Het is tegenwoordig schering en inslag: zogenaamde ‘lege boedels’. Het gaat dan om rechtspersonen die failliet verklaard worden terwijl deze niet over enige baten beschikken.
Prijs vergelijk ADSL, kabel, glasvezel aanbieders en bespaar geld door over te stappen!
Een aangestelde curator, wiens salaris op de eerste plaats voldaan wordt uit die baten, heeft in dat geval het nakijken. Hij zal zijn wettelijke werkzaamheden toch moeten verrichten, in de wetenschap dat hij daarvoor niet zal worden betaald.
Verzet door curatoren
Gelet hierop zijn recentelijk in de rechtspraak voorbeelden opgedoken van curatoren die om die reden verzet hebben ingesteld tegen een faillietverklaring.
Verzet tegen een faillietverklaring kan worden ingesteld door de schuldenaar zelf (artikel 8 lid 3 Fw) en door iedere schuldeiser (behalve de verzoeker om de faillietverklaring) en elke belanghebbende (artikel 10 Fw). De termijn voor het instellen van verzet is kort, uiterlijk acht dagen na de faillietverklaring moet het verzet worden ingesteld.
Rechtspraak
De lagere rechtspraak is verdeeld over de vraag of een aangestelde curator kan worden aangemerkt als belanghebbende. Zo zijn het Hof Den Haag en rechtbanken Rotterdam en Den Haag van oordeel dat zulks het geval is. Zo zou de curator als (potentieel) boedelschuldeiser bij de faillissementsbehandeling betrokken zijn. Bovendien verzet de tekst van artikel 10 Fw zich hier niet tegen.
Tegenstanders vragen zich af of het instellen van verzet niet op gespannen voet staat met het onzijdige karakter van de curator in een faillissement. Bovendien wijzen zij erop dat het instellen van verzet niet behoort tot het wettelijke takenpakket van de curator.
Gelet op de discussie hieromtrent heeft Rechtbank Overijssel de Hoge Raad om duidelijkheid verzocht, bij wege van zogenoemde prejudiciële vragen. Bij arrest van 18 december 2015 heeft de Hoge Raad de gewenste duidelijkheid verschaft.
Curator is belanghebbende
Volgens de Hoge Raad is de curator – uit eigen hoofde, niet in diens hoedanigheid van curator – een belanghebbende in de zin van artikel 10 lid 1 Fw. Gelet hierop kan hij met succes verzet instellen tegen de faillietverklaring, indien hij dat verzet instelt omdat de boedel (nagenoeg) geen baten bevat en baten ook niet te verwachten zijn.

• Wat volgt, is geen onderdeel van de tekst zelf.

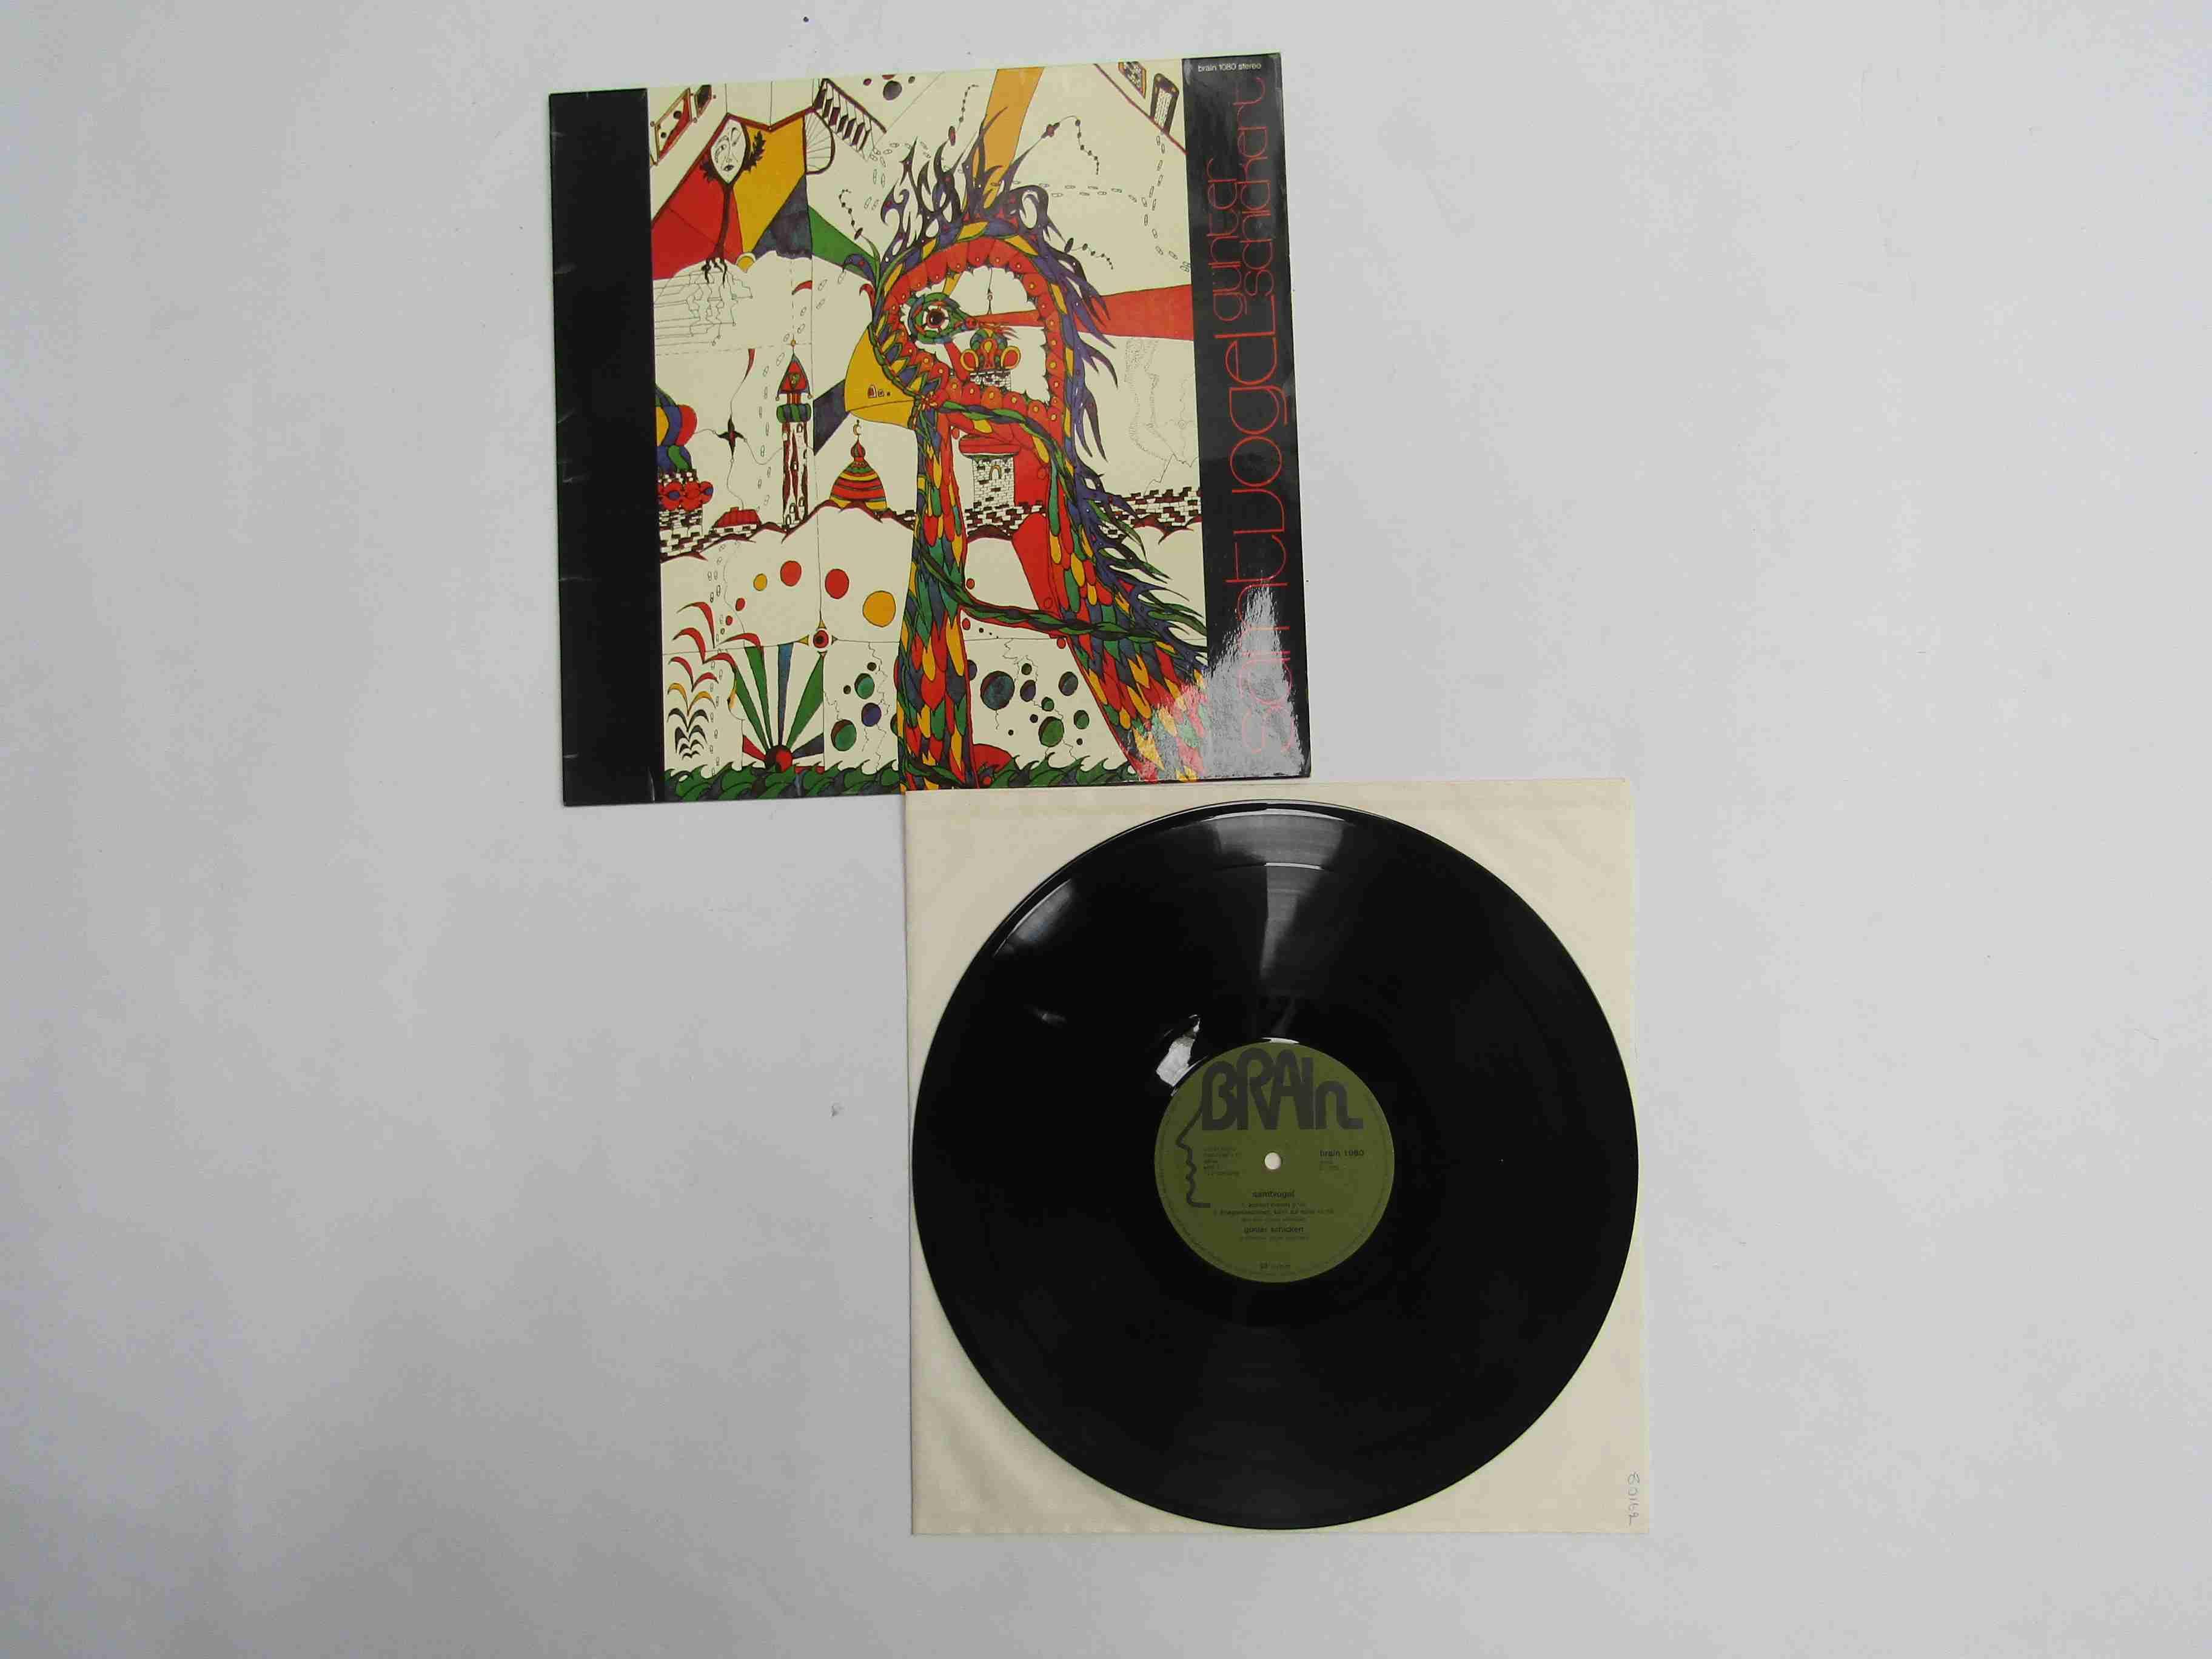 GUNTER SCHICKERT: 'Samtvogel' LP, 1976 German reissue on Brain Records brain 1080 (media VG+/EX,
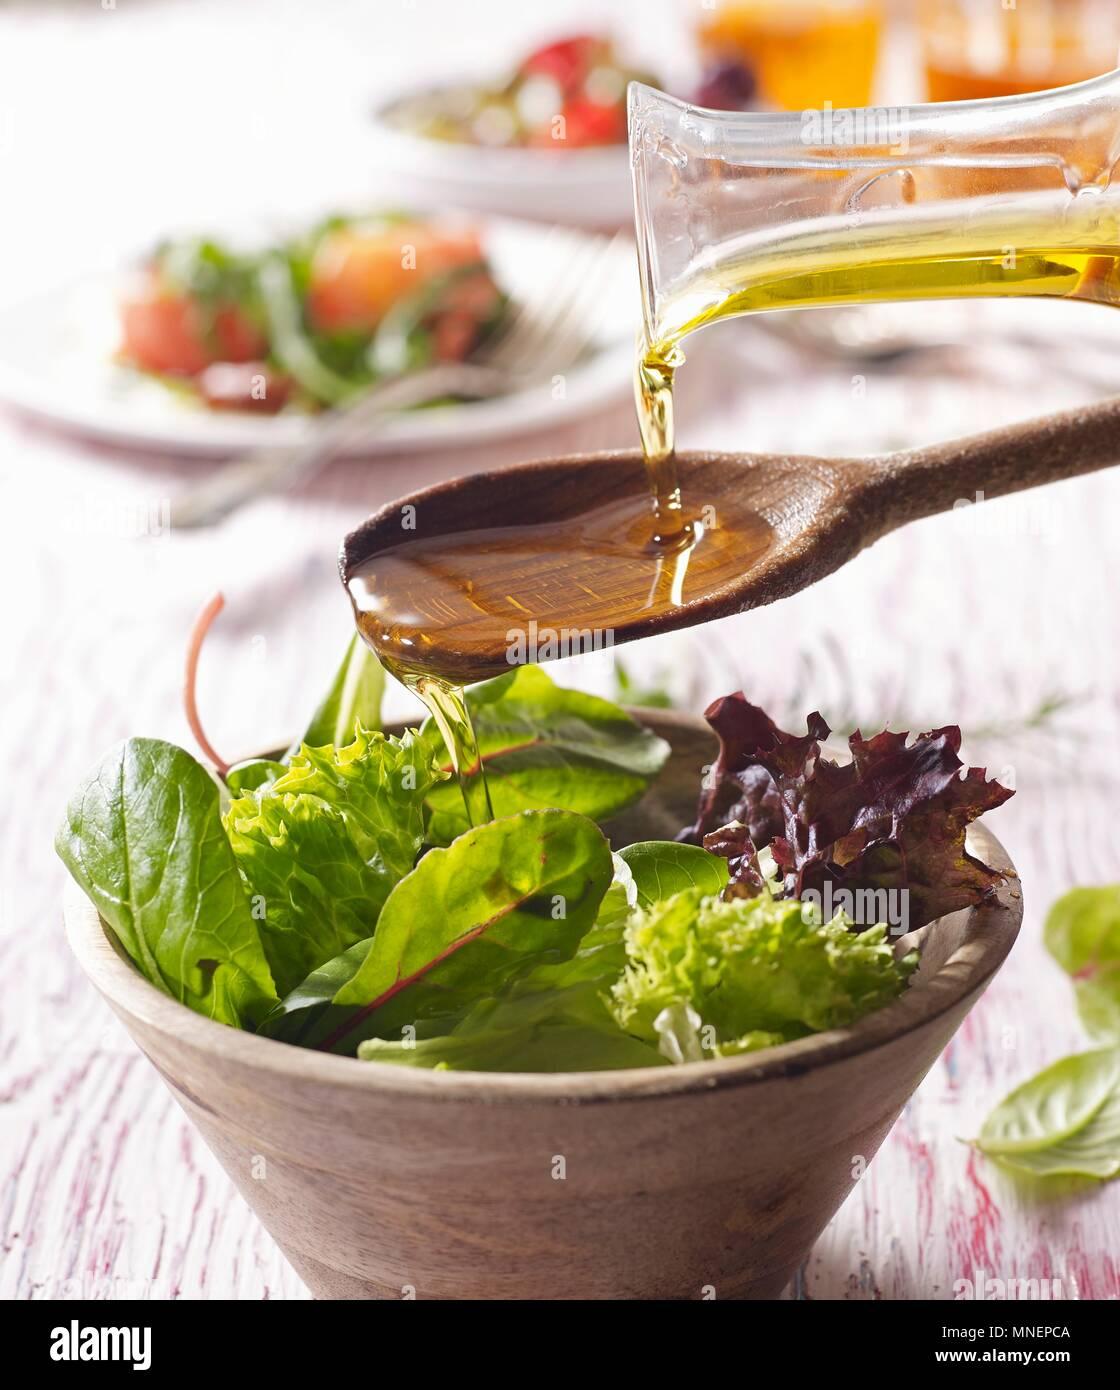 Öl wird über den Salat aus einem Holzlöffel offenporige Stockbild

Een dergelijk verzet kan echter slechts gegrond zijn indien blijkt dat sprake is van een boedel die (nagenoeg) geen activa omvat en er geen enkele aanleiding bestaat voor de verwachting dat in het faillissement, bijvoorbeeld middels de actio pauliana of een vordering uit hoofde van bestuurdersaansprakelijkheid, actief kan worden gegenereerd.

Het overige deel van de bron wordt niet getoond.